As the story develops, the pulsing sound gradually becomes associated symbolically with the image of Dr. Morbius, revealing to the audience a possible, otherwise unspoken, relation between him and the monster. Towards the end, in the process of realizing that the monster of the ID is the product of the subconscious of Dr. Morbius’ mind, Skipper confronts Morbius with the underlying clues. As Morbius apparently does not approve of Skipper’s line of thought, Skipper finally cries out: “Your mind refuses to face the conclusion!” At the moment in which the word “mind” is pronounced, the pulsing sound breaks the silence, and provides the audience with the decisive clue as to what the unspoken conclusion is. Underlining the connection between Dr. Morbius and the monster, in the following moment the sound is, again, associated with the monster approaching from the outside. Shifting the sound’s association with Morbius to the monster, internal symbol correspondence accordingly shifts from remote to close. However, at the end, the pulsing sound comes to symbolize closely the unity of Morbius and the monster, manifested from his subconscious, and when finally the two die together the sound equally ceases.

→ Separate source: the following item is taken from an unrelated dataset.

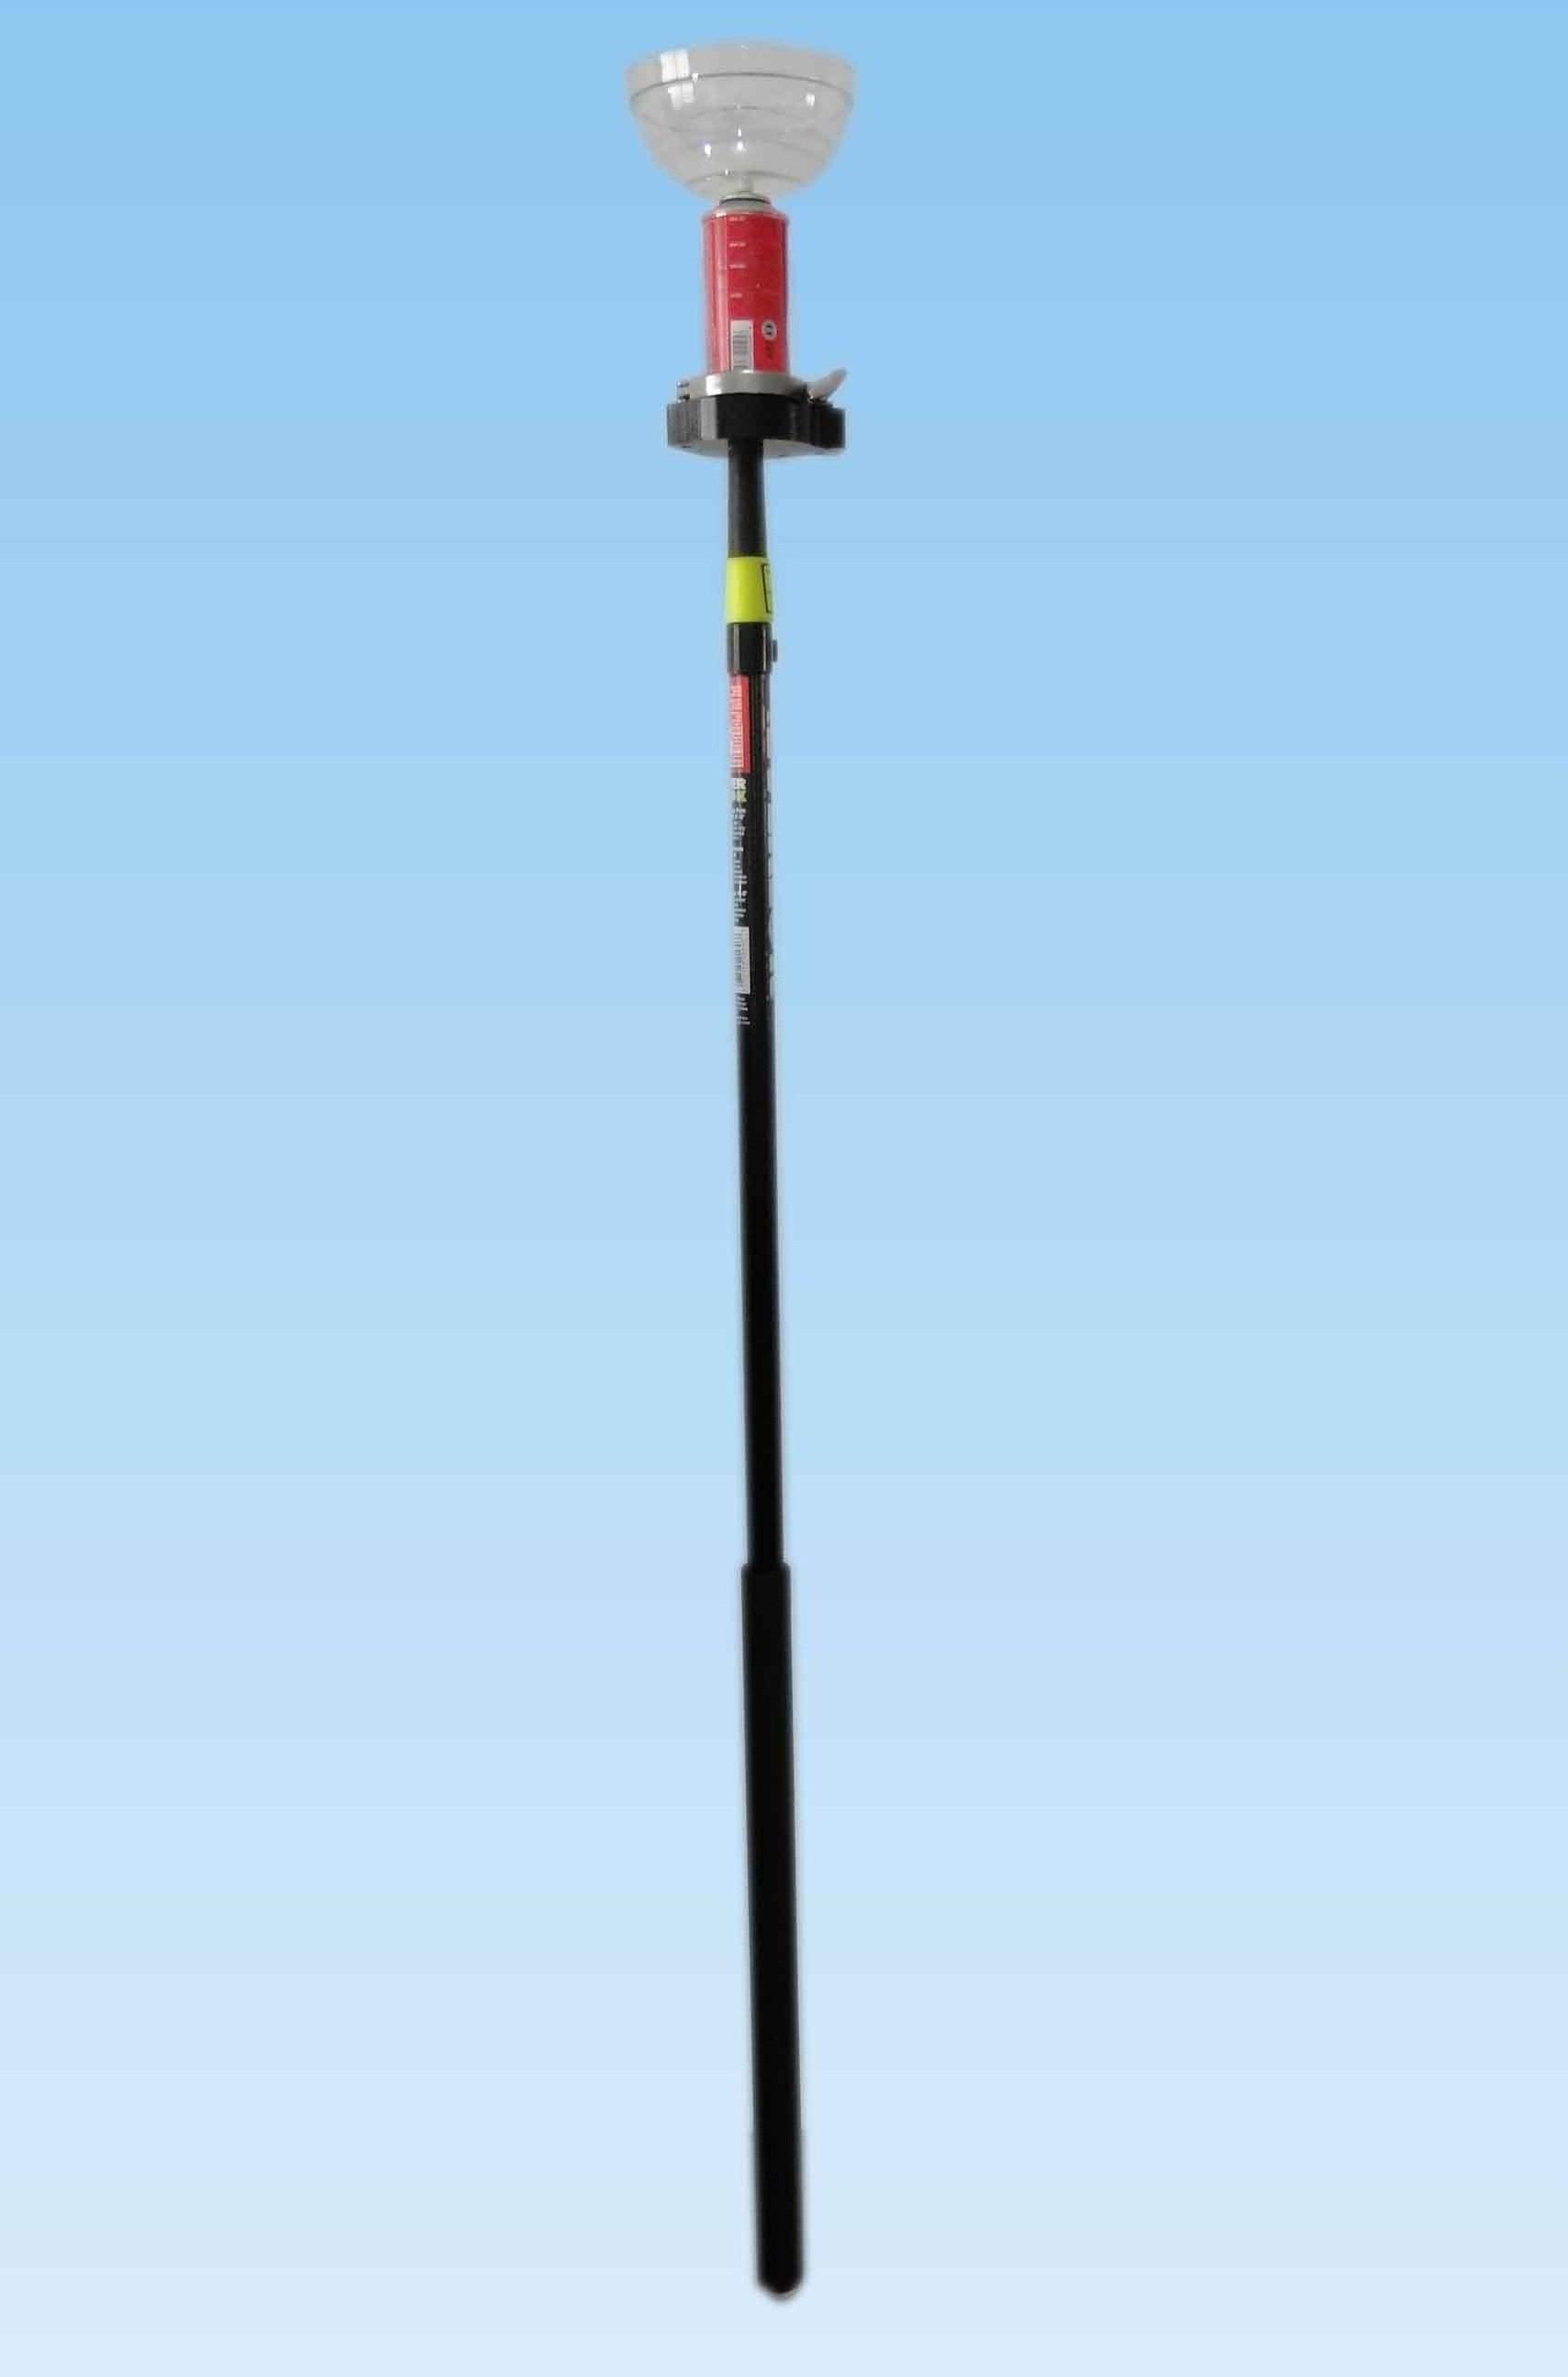 青島容慧便攜式煙感測試器防爆型
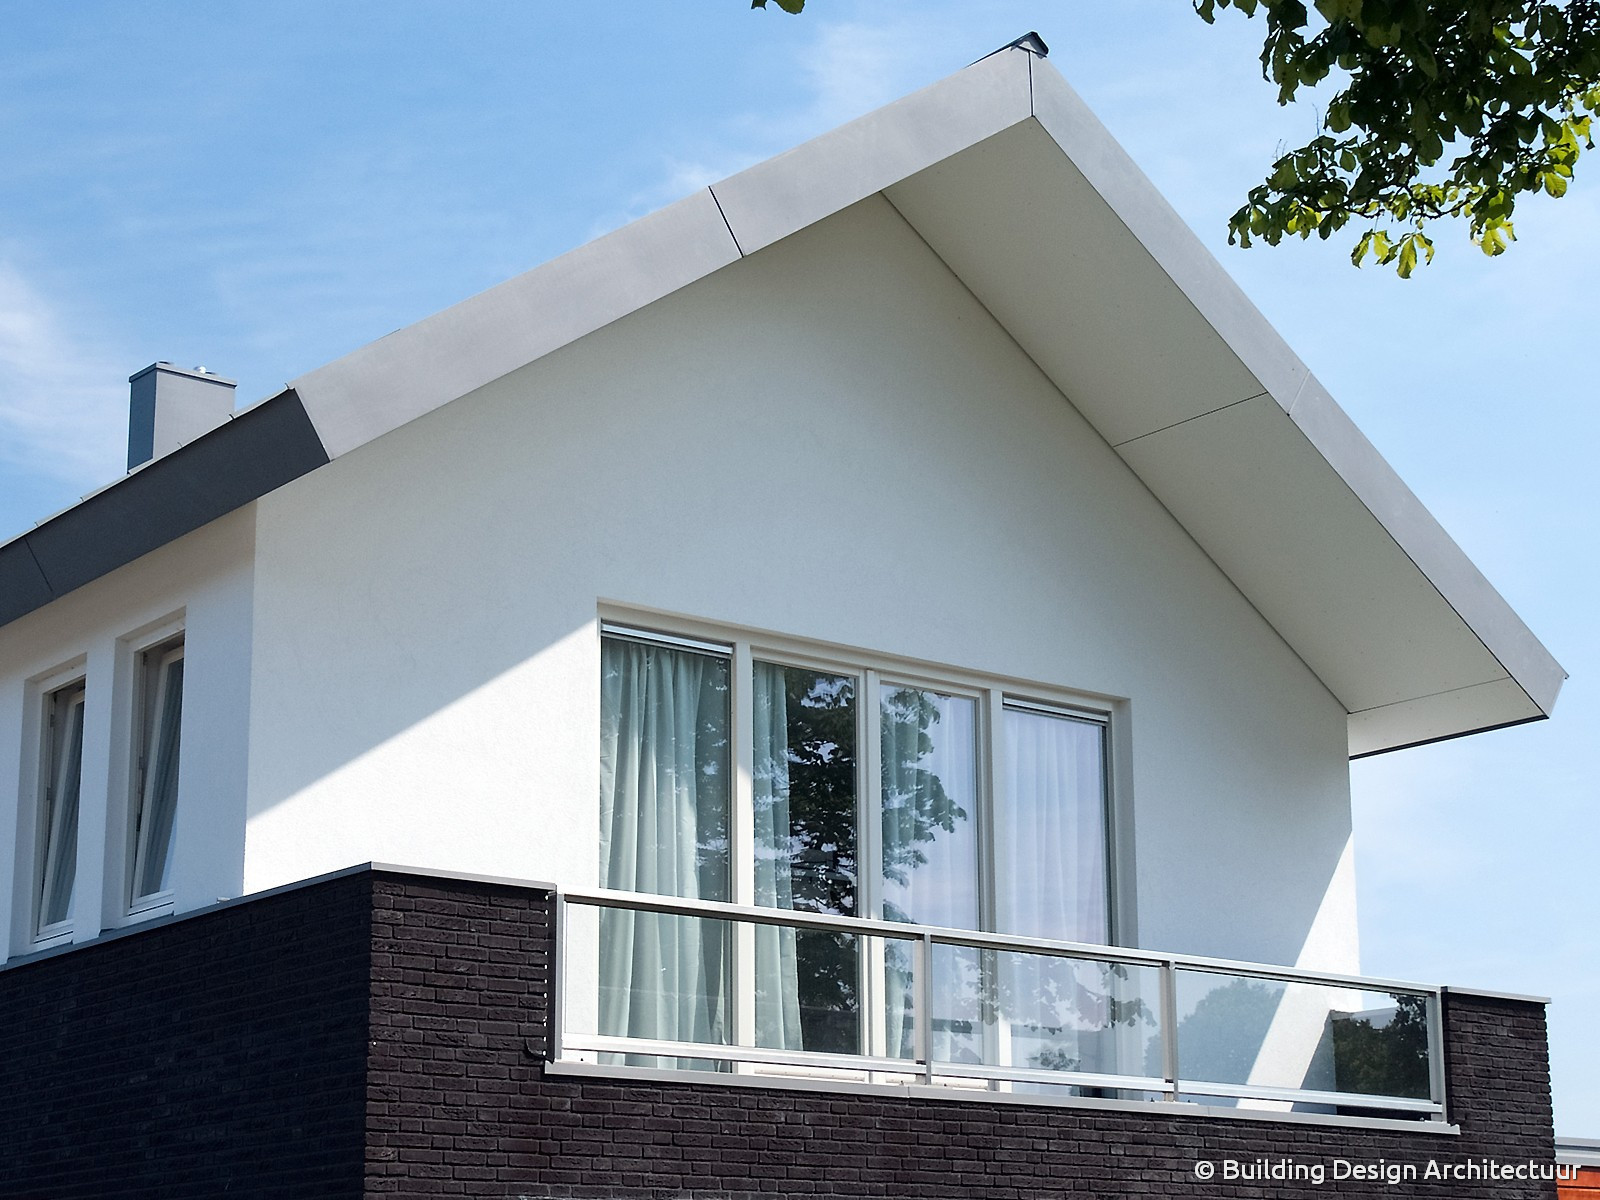 Meest effectief 4265 moderne woning met veel glas behang beste voorbeelden afbeeldingen for Afbeelding van moderne huizen

The success of the soundtrack in seamlessly integrating music and sound effects, providing the key for composers/sound designers to make strong contributions to the overall structure of the film, may to a large extent be attributed the almost exclusive use of purely electronically generated sound. Compared to real-world, recognizable sounds which we tend to associate with specific objects, abstract electronic sounds can be associated with a variety of fictitious sources. Moreover, in situations where overall correspondence between sound and image is inevitably remote, real-world, recognizable sounds tend to remain associated with the film’s world, yielding rather surrealist results, while abstract electronic sounds are able to exit entirely from the diegetic space of the film. For instance, in the opening of Forbidden Planet a continuous electronic soundscape linearizes a sequence of cuts between shots of the interior and exterior of the spaceship. When the sound is associated with the exterior shots, showing the spaceship flying by, an audio visual correspondence is established between the rising and falling pitches and the vertical movement of the spaceship (i.e. spatial identity correspondence), hence making the audience perceive the soundscape as sound effects. Contrarily, when associated with images of the spaceship’s interior, with which the electronic soundscape lacks overall correspondence, the soundscape is pushed outside the film’s world, attaining a purely musical function.
Sound and Imagination
Being biased towards exploiting “abstract” electronic sound for its associative independence, and hence its ability to correspond closely with a number of non-real objects, the science fiction genre provides, more than any other film genre, a foundation for the integration of music and sound design. Consider, as another brief example, the equivocal nature of the muffled soundscape, presumably created by composer Edward Artemiev, permeating Tarkovsky’s Solaris (1972). When associated with the image of the planet “Solaris” a close correspondence between sound and image in terms of identity and space is articulated, causing us to believe that the sound emits from the planet. Yet, on most occasions the soundscape does not correspond with the image in terms of identity, time and space, but in terms of cultural and internal symbolism, expressing the planet’s psychological impact on the characters. As in Forbidden Planet, the soundscape’s ability to connect with both the diegetic and non-diegetic space of the film is exploited in the articulation of Solaris’ overall narrative structure.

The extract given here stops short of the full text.